A good example of this can be found in The RBS Rights Issue Litigation case. RBS had notes of interviews with 124 individuals, some of whom were ex-employees, across a number of divisions, locations (including the US) and levels of seniority. The interview notes compromised information gathered from employees or former employees preparatory to and for the purpose of enabling RBS, through its directors or other persons authorized to do so on its behalf, to seek and receive legal advice. Hildyard J. considered that these interview notes did not meet the requirements for legal advice privilege: "The individuals interviewed were providers of information as employees and not clients: and the Interview Notes were not communications between client and legal adviser."

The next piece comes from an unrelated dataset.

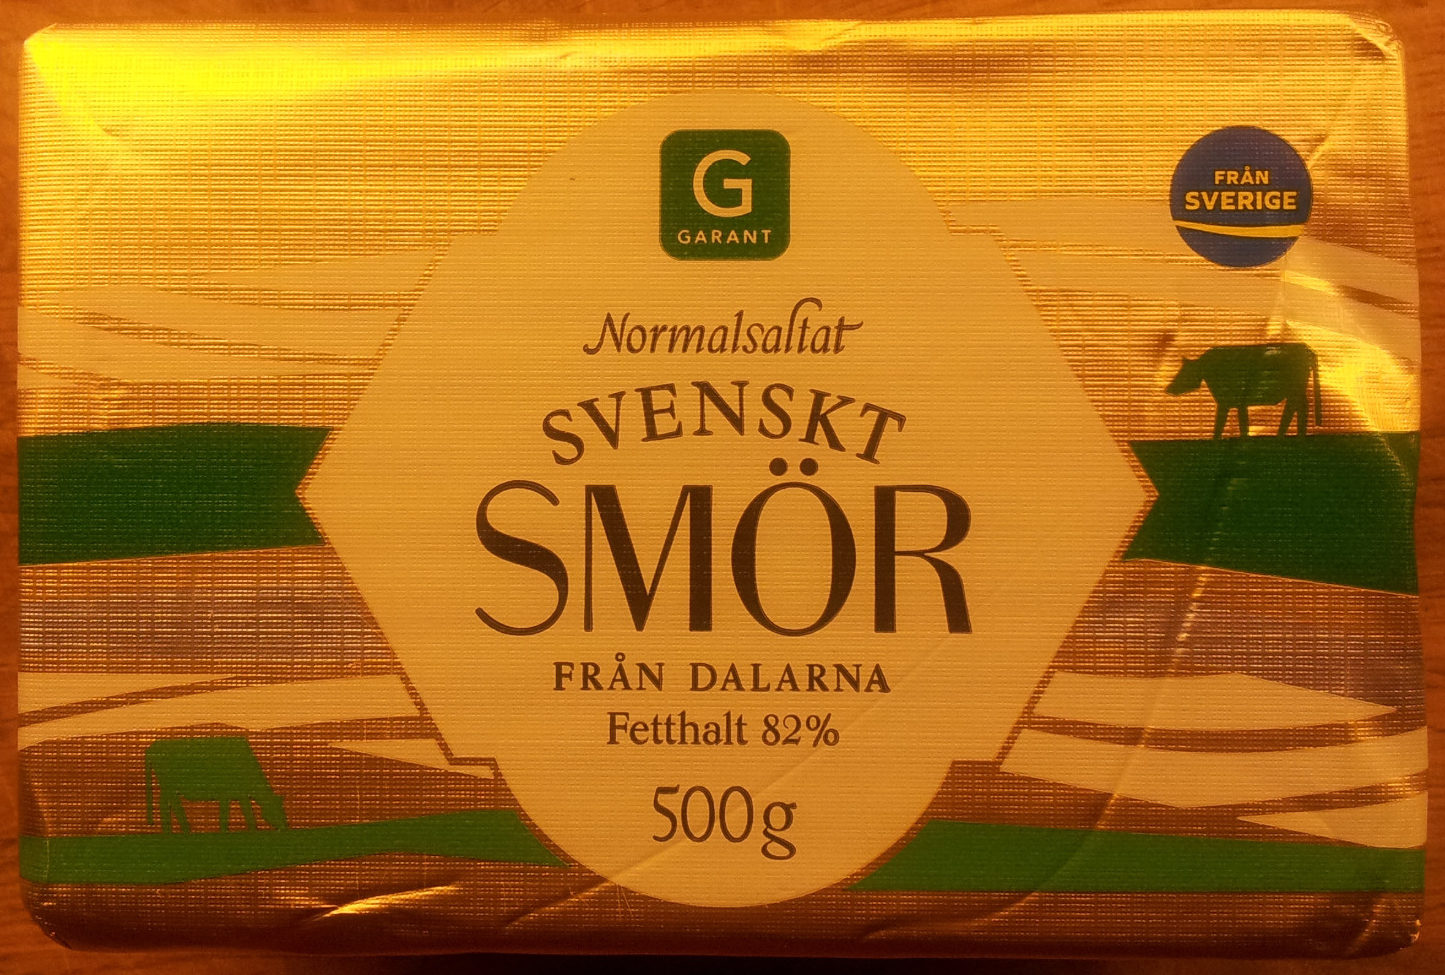 Garant Normalsaltat svenskt smör från Dalarna - Produit - sv

In The RBS Rights Issue Litigation case, RBS also argued, in the alternative, that the interview notes were privileged because they were "lawyers' working papers." Under English law, lawyers' working papers are privileged if they would betray the trend of advice which the lawyer is giving the client. RBS argued that the interview notes were not simply verbatim recitals of the interviews, but were notes that evidenced the impressions of the lawyer in the sense that they reflected the work undertaken in preparation for the interviews thus revealing the train of inquiry. Further, as these notes were not verbatim transcripts, they reflected a selection by the author of the points being recorded. Hildyard J did not consider this to be sufficient and said that there was a real difference between reflecting a train of inquiry and reflecting — or giving a clue to — the trend of legal advice. A claim for privilege on the basis that interview notes were "lawyers' working papers" was also rejected at first instance in The Director of the Serious Fraud Office v. Eurasian Natural Resources Corporation Ltd as the judge concluded that there was insufficient evidence that the notes would give a clue as to the legal advice or any aspect of the legal advice being given to ENRC. The Court of Appeal declined to give a view on this and considered that it would be better for the question of the extent to which lawyers' working papers are covered by legal advice privilege to be considered by the Supreme Court. As such, the position on lawyers' working papers remains as outlined above.

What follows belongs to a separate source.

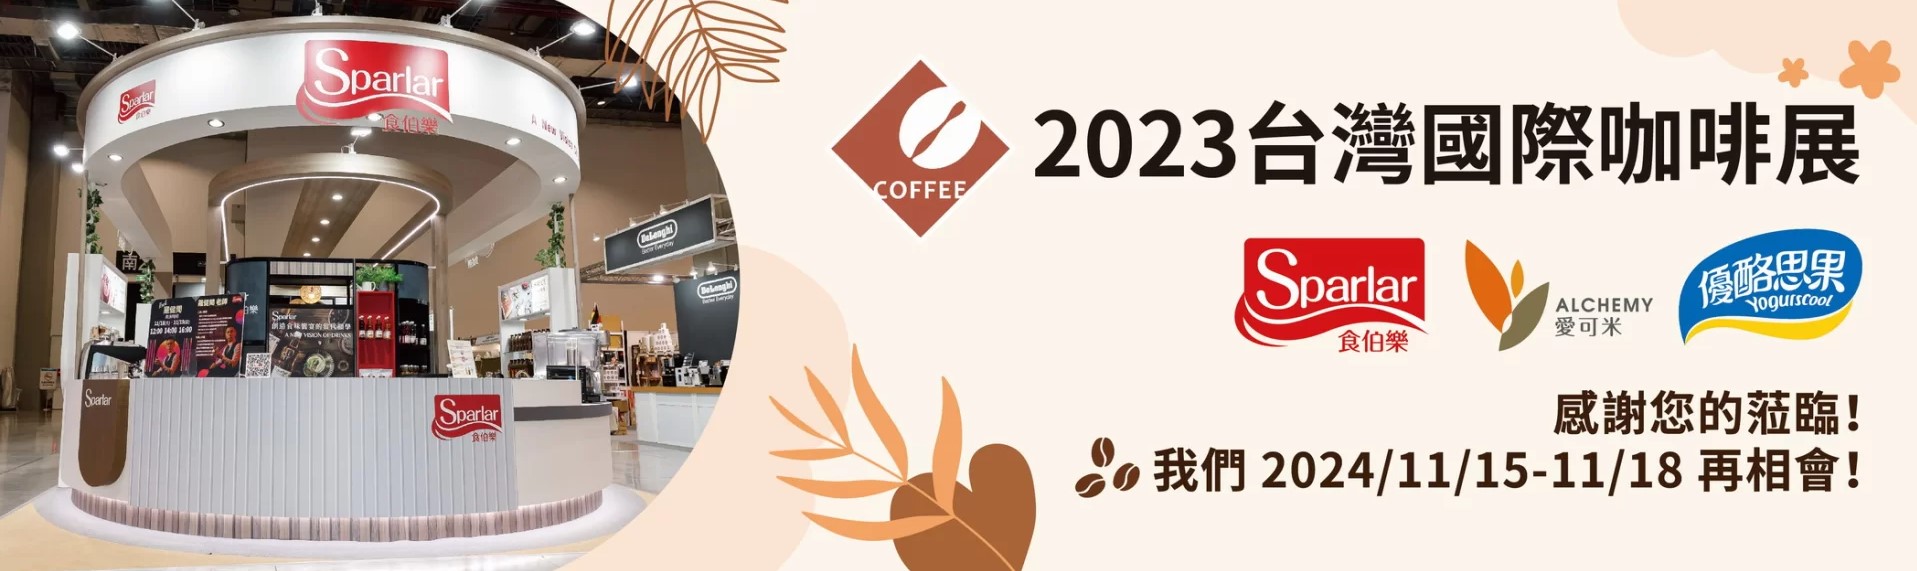 2023 Coffee Show

If adversarial litigation is reasonably in contemplation and the other ingredients for litigation privilege are present, then interviews with employees and third parties may be covered by litigation privilege. For example, in Bilta (UK) Ltd (in liquidation) & Ors v. Royal Bank of Scotland PLC & Ors [2017] EWHC 3535 (Ch), interviews with former and current employees which were conducted by RBS as part of an investigation were found to be covered by litigation privilege. Also, in the Court of Appeal decision in The Director of the Serious Fraud Office v. Eurasian Natural Resources Corporation Ltd, the court held that (contrary to the decision at first instance), the notes of interviews with employees, former employees, officers of the company and subsidiary companies and other third parties were covered by litigation privilege. The Court of Appeal considered that the contemporaneous documents showed that ENRC was "aware of circumstances which rendered litigation between itself and the SFO a real likelihood rather than a mere possibility" (adopting the test in United States of America v. Philip Morris [2003] EWHC 3028 (Comm)).